The value of OS X to Apple is clearly increasing, not decreasing. Selling it off would be stupid. The gap between Windows and OS X may have narrowed a bit with the release of Vista improving the security of the platform, but it is about to get a lot wider again with the coming release of Leopard.
Vista wasn't released, it escaped, leaving a trail of bloody offal all the way back to the Microsoft executive meeting room where they were forced (by the sheer weight of industry analyst, shareholder, and employee skepticism about their ability to deliver *anything*) to jettison many of the interesting features they were shooting for. Vista looks like Mac OS X because Microsoft realized they had to blow some smoke and lay some mirrors about or they were going to get their clock cleaned. Importantly, Vista doesn't lay the foundation for the next decade of computing that Microsoft initially bragged about, and the decade is more than half over.

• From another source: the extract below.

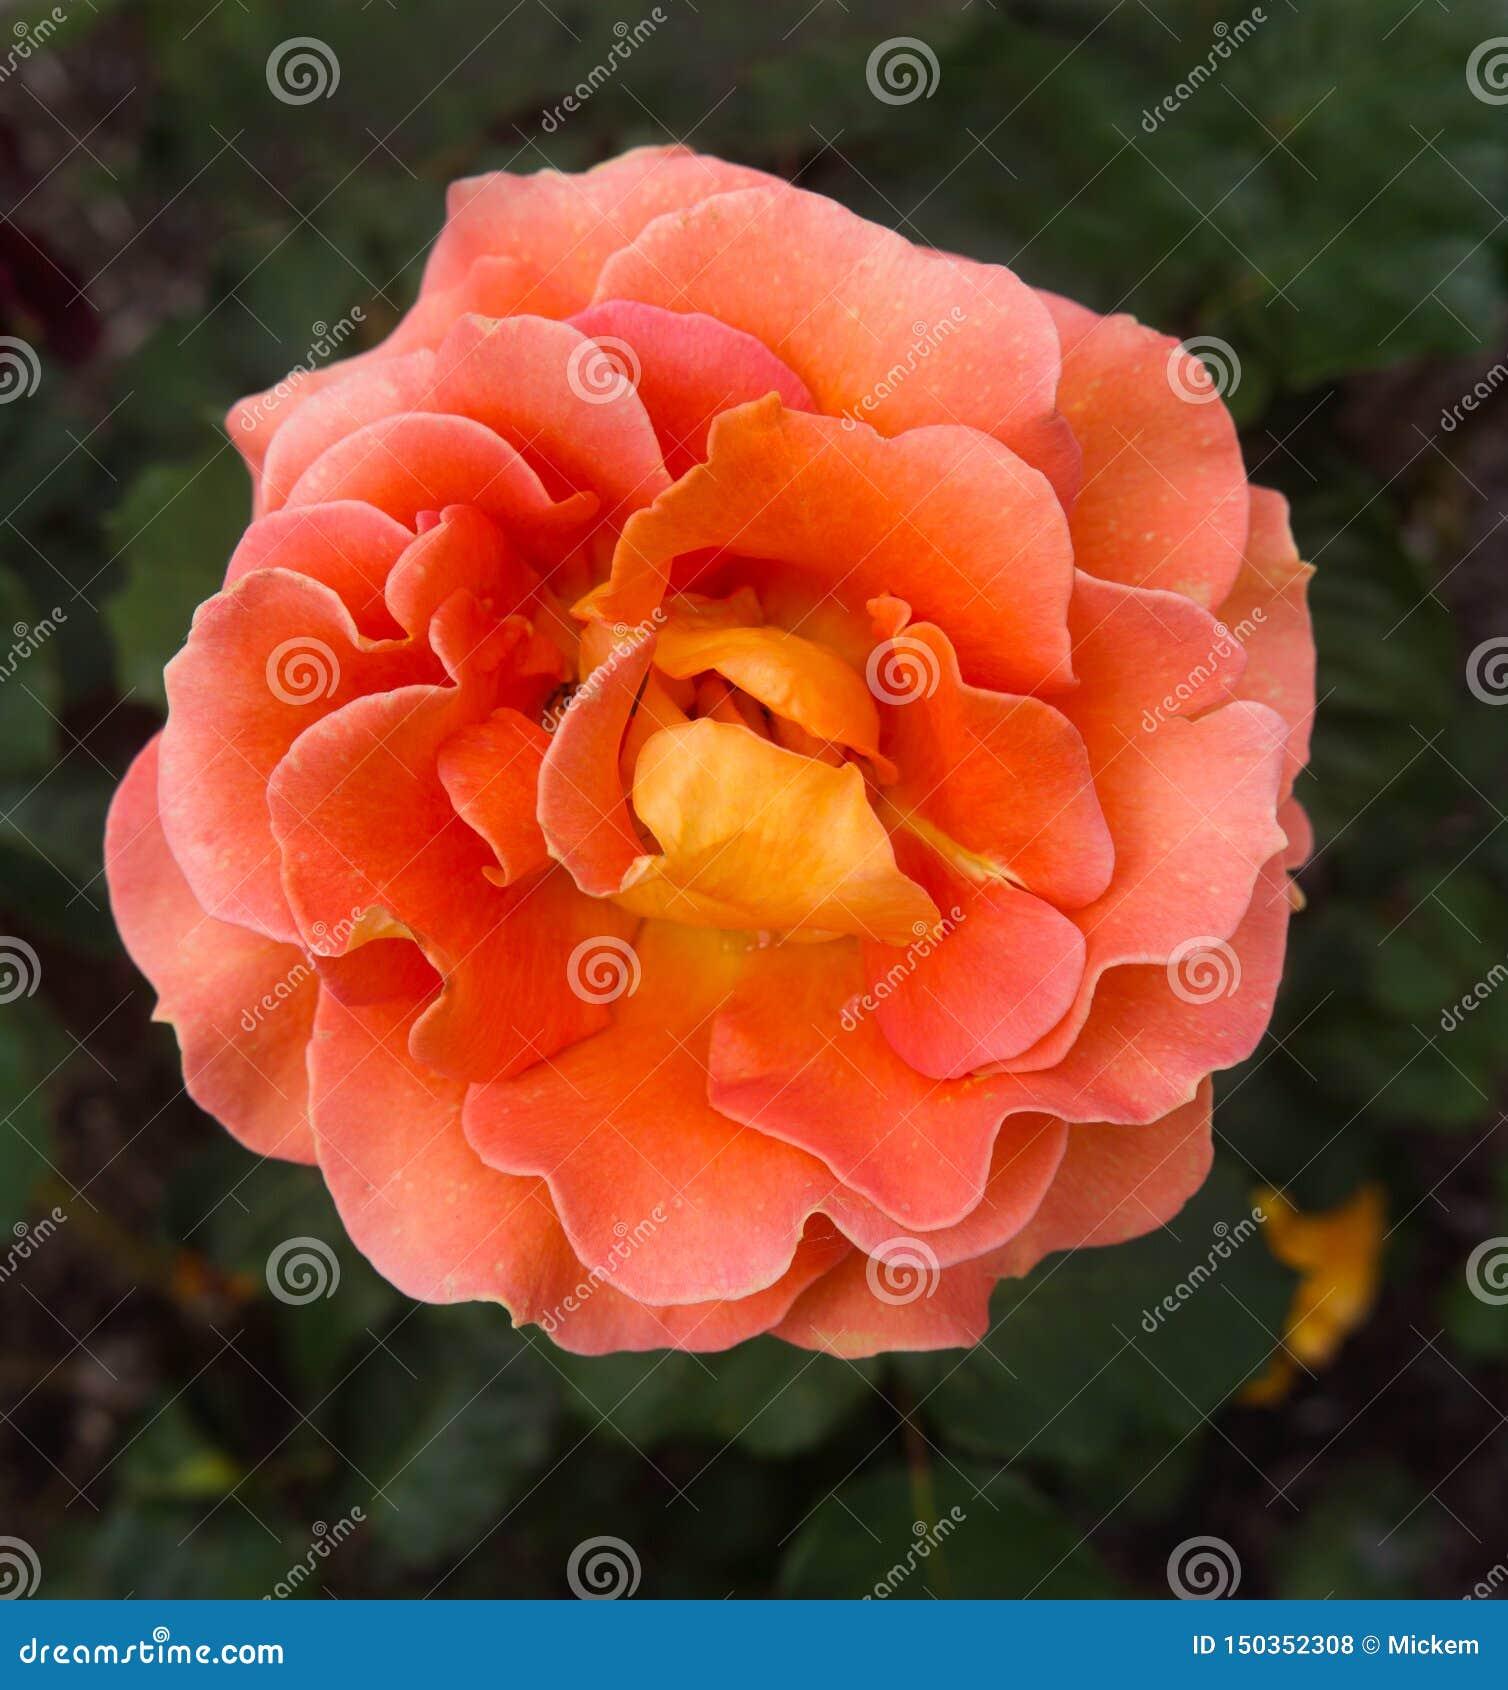 Blooming Single Orange Rose in garden blurred background

Vista is clearly a release of desperation. Bill Gates had to lie about Mac security to get any attention for his comments about Vista in the pundit space. He's clearly depressed because all the pundits do these days is ask him about the Macintosh. Senior executives at Microsoft want Macintosh systems. (Senior executives that I know at a surprising number of technology companies are already running Macintosh computers at home, often at work as well, and in a few cases pondering how they can migrate their enterprise).
Compared to the steady forward march of OS X (and iPod) Vista (and Zune) and you see in Vista the software equivalent of a towel applied to a horrible wound. Microsoft's arms are off and, like the Dark Knight of Monty Python and the Holy Grail, they're hopping up and down on one leg taunting an opponent who really isn't even interested in them all that much, having more important things to do, like satisfy customers.
(By the way, You posted AC because you are a troll. Perhaps a paid troll even? Nonetheless, since you were modded up so absurdly high, it seemed a response was in order.)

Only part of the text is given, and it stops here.